Sonodynamic therapy (SDT) holds great promise to be applied
for
cancer therapy in clinical settings. However, its poor therapeutic
efficacy has limited its applications owing to the apoptosis-resistant
mechanism of cancer cells. Moreover, the hypoxic and immunosuppressive
tumor microenvironment (TME) also weakens the efficacy of immunotherapy
in solid tumors. Therefore, reversing TME remains a formidable challenge.
To circumvent these critical issues, we developed an ultrasound-augmented
strategy to regulate the TME by utilizing an HMME-based liposomal
nanosystem (HB liposomes), which can synergistically promote the induction
of ferroptosis/apoptosis/immunogenic cell death (ICD) and initiate
the reprograming of TME. The RNA sequencing analysis demonstrated
that apoptosis, hypoxia factors, and redox-related pathways were modulated
during the treatment with HB liposomes under ultrasound irradiation.

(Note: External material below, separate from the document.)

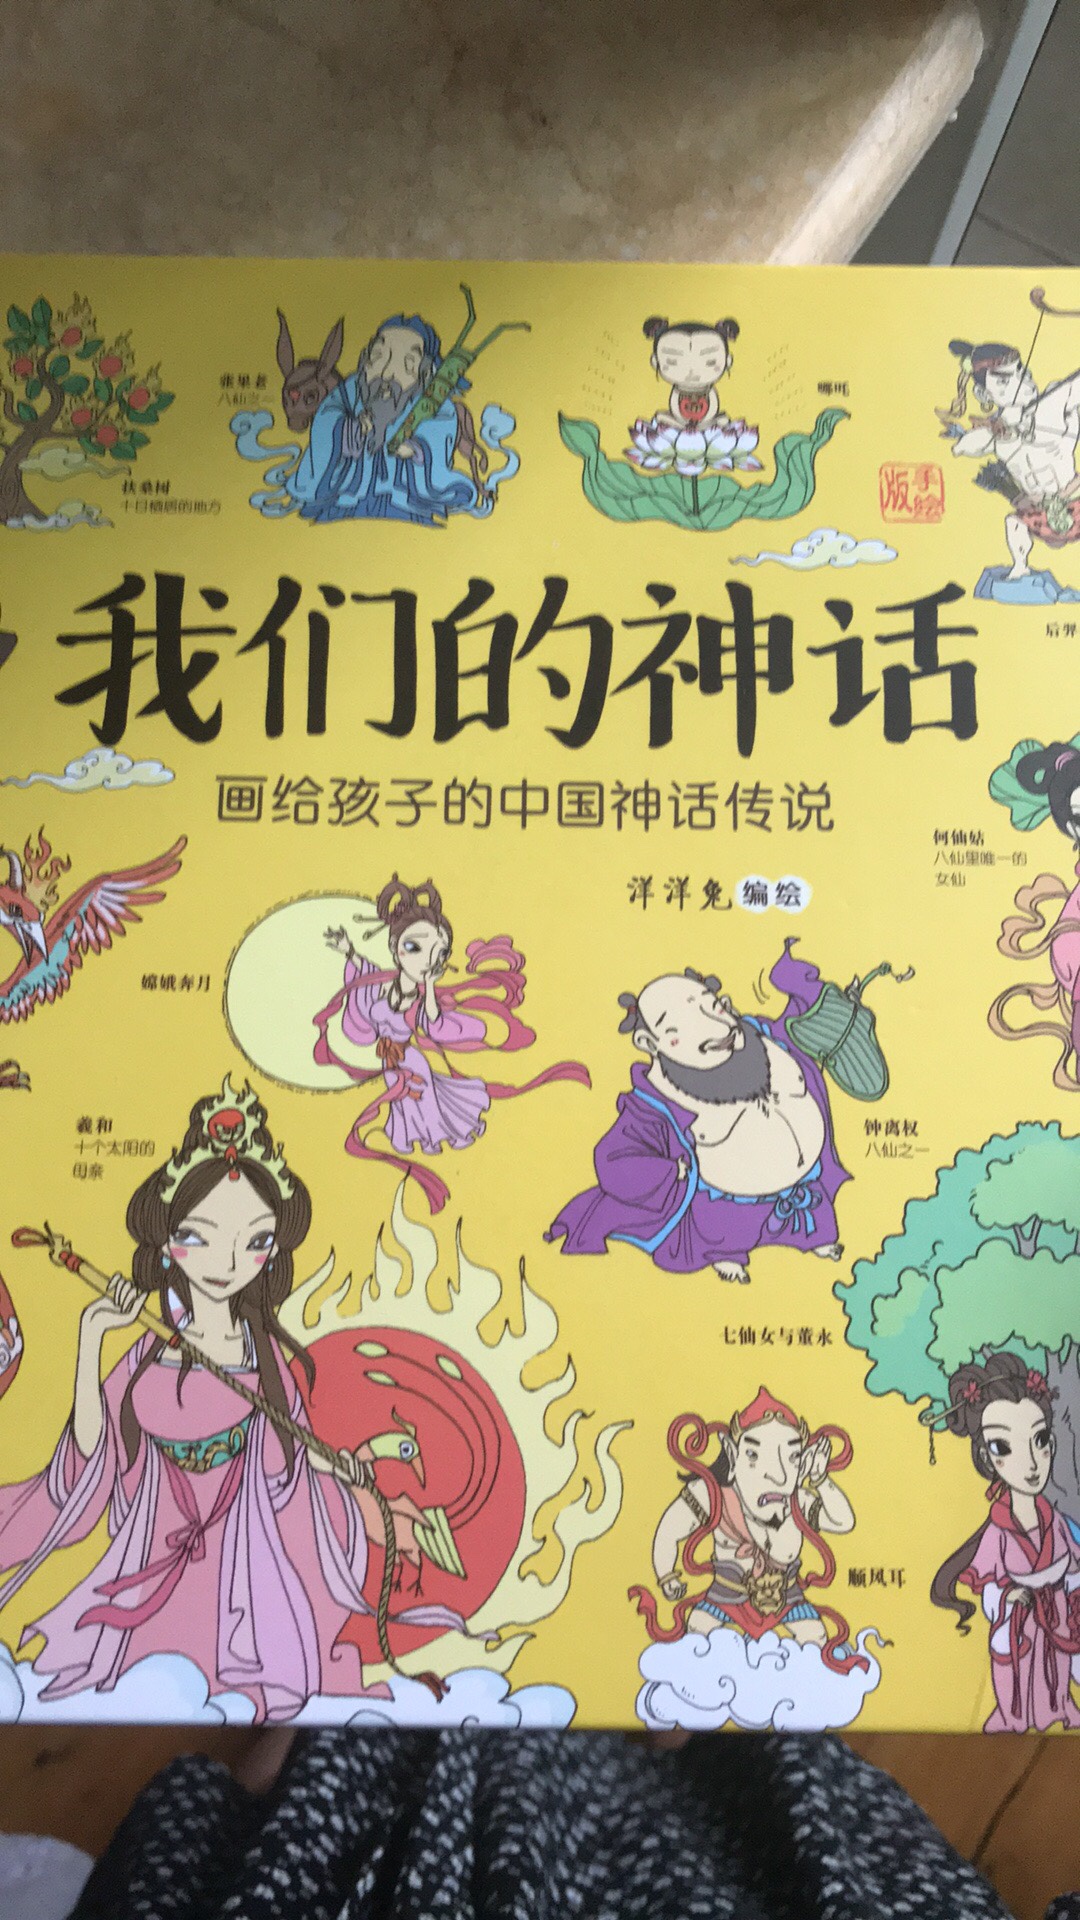 比较系统的神话故事，中国传统大部分的神话形象都可以在这本书找到
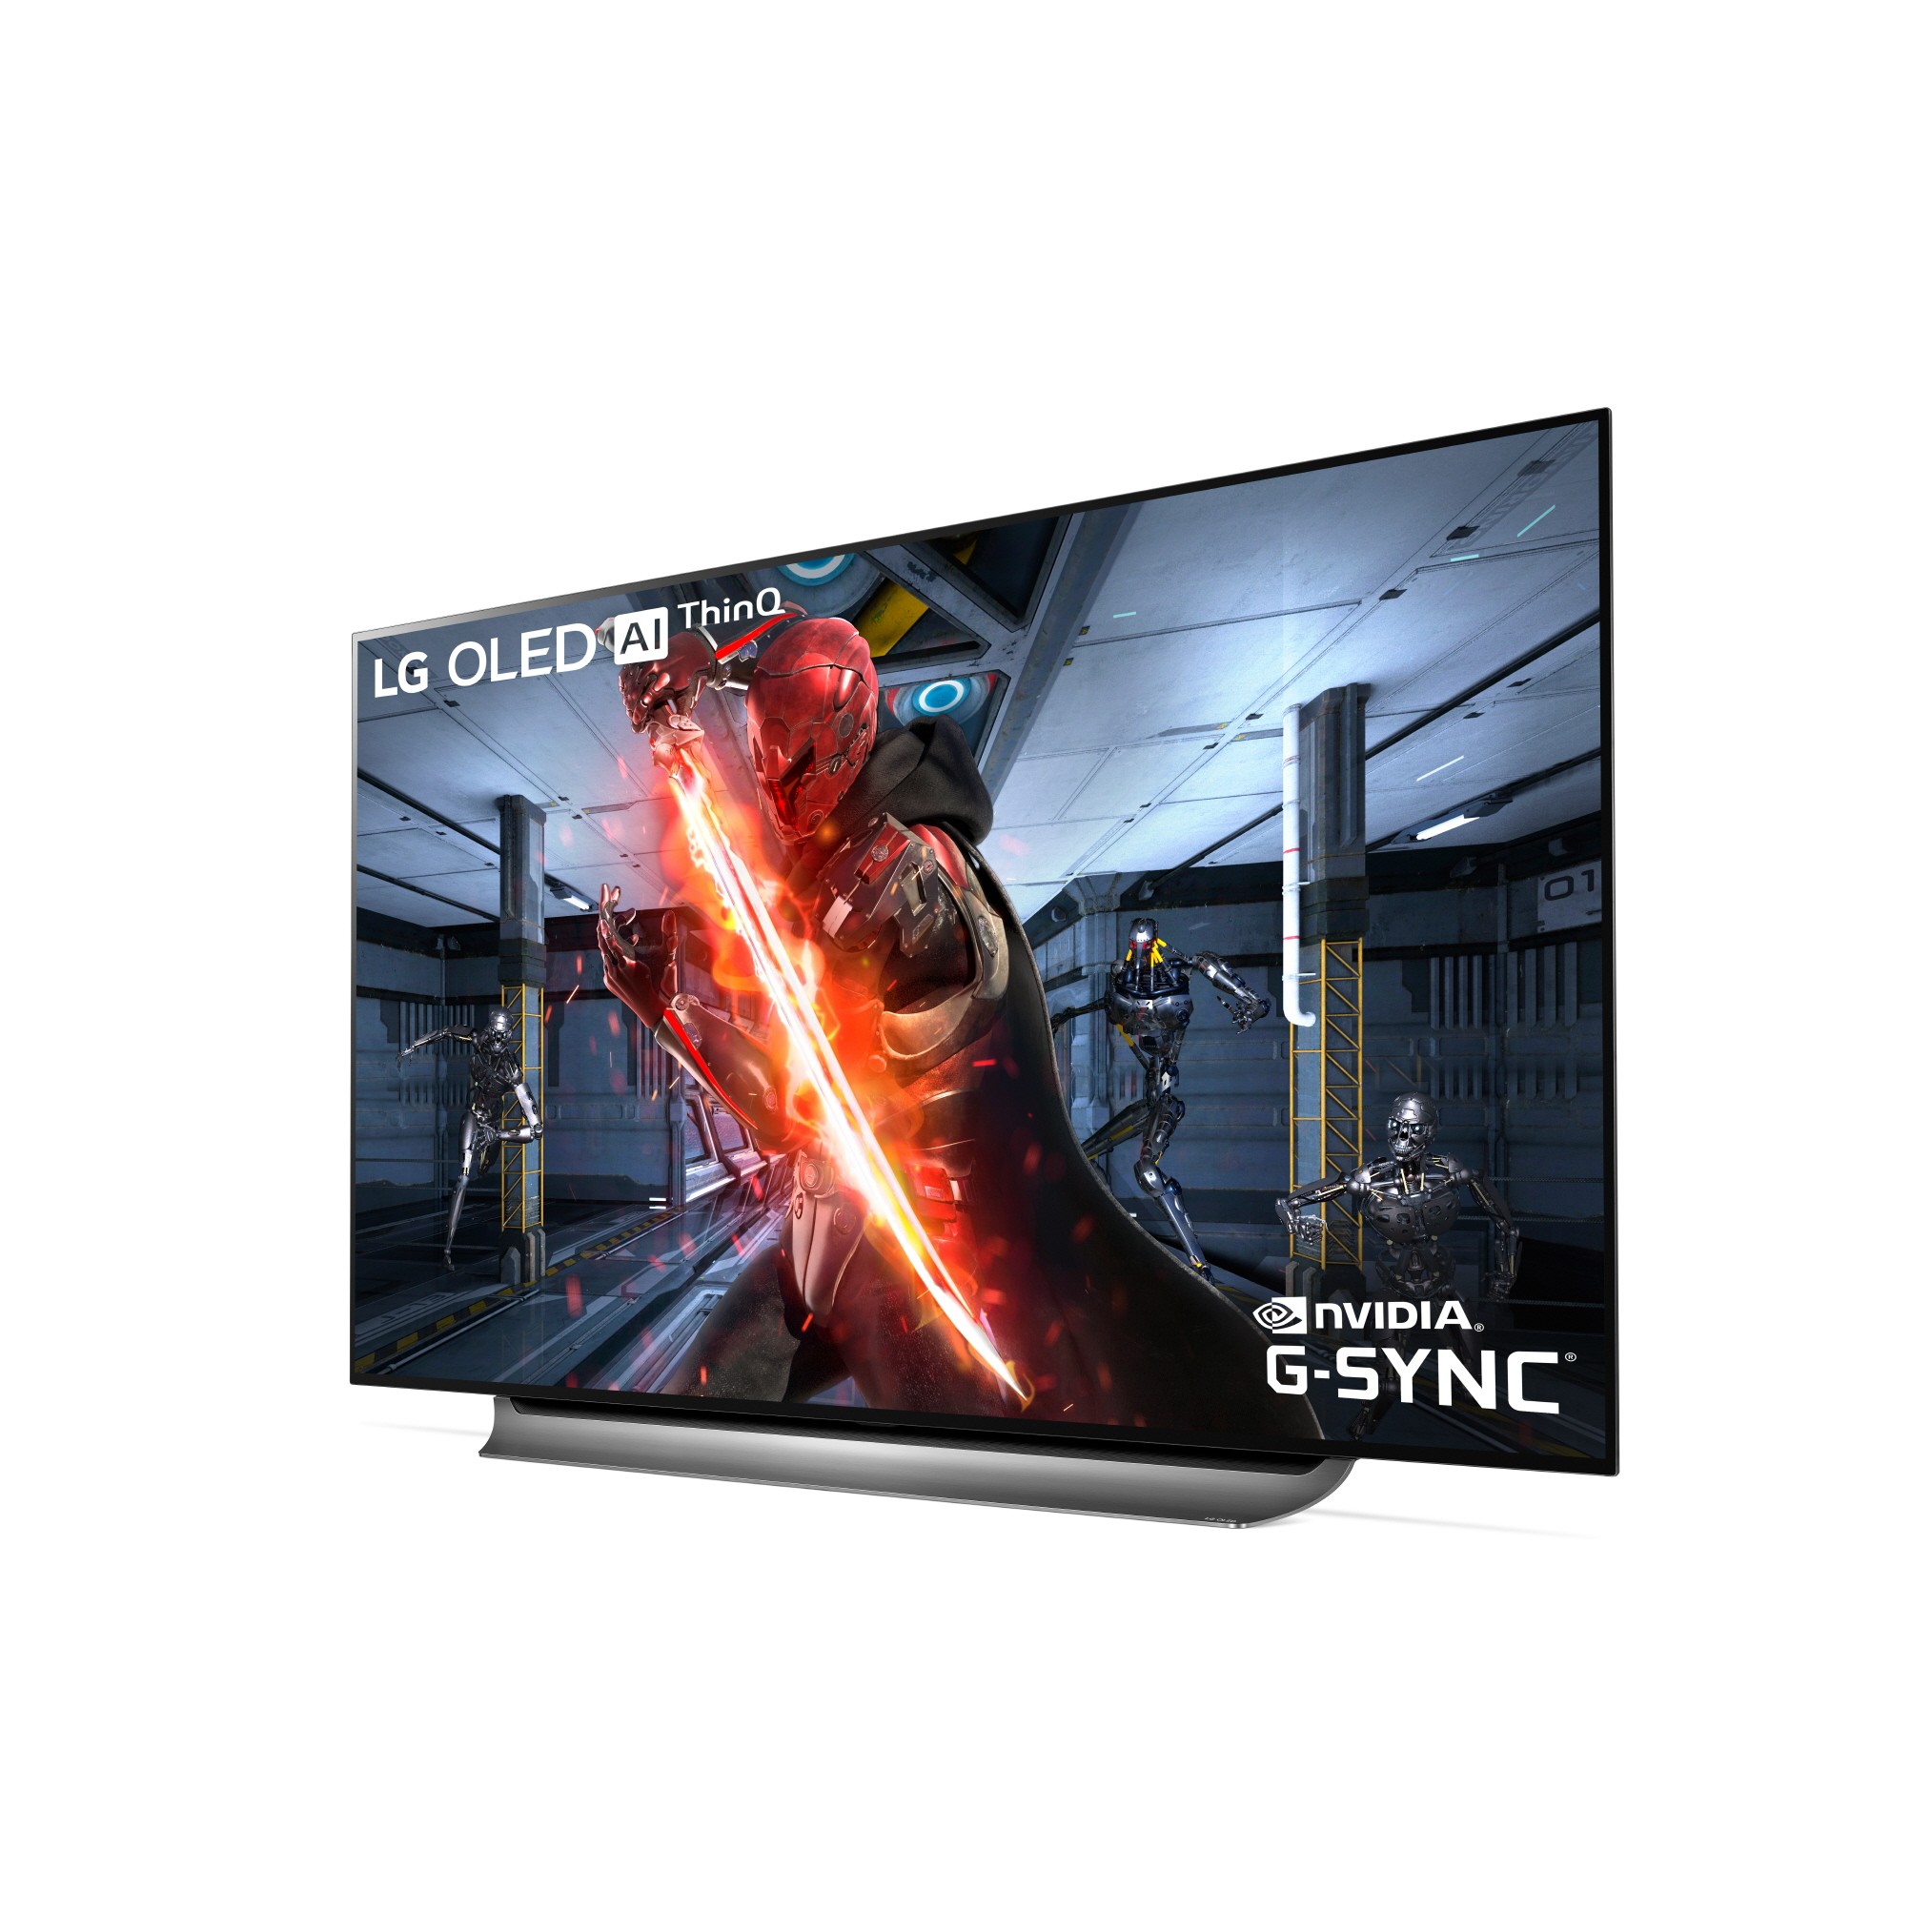 Immagine pubblicata in relazione al seguente contenuto: LG aggiunge il supporto della tecnologia NVIDIA G-SYNC ai televisori OLED 4K | Nome immagine: news29970_LG-OLED-4K-TV-G-SYNC_2.jpg

The in vivo photoacoustic imaging experiment showed that HB liposomes
enhanced oxygen production in the TME, alleviated TME hypoxia, and
helped to overcome the hypoxia of the solid tumors, consequently improving
the SDT efficiency. More importantly, HB liposomes extensively induced
ICD, resulting in enhanced T-cell recruitment and infiltration, which
normalizes the immunosuppressive TME and facilitates antitumor immune
responses. Meanwhile, the HB liposomal SDT system combined with PD1
immune checkpoint inhibitor achieves superior synergistic cancer inhibition.
Both in vitro and in vivo results indicate that the HB liposomes act
as a sonodynamic immune adjuvant that is able to induce ferroptosis/apoptosis/ICD
via generated lipid-reactive oxide species during the SDT and reprogram
TME due to ICD induction. This sonodynamic nanosystem integrating
oxygen supply, reactive oxygen species generation, and induction of
ferroptosis/apoptosis/ICD is an excellent strategy for effective TME
modulation and efficient tumor therapy.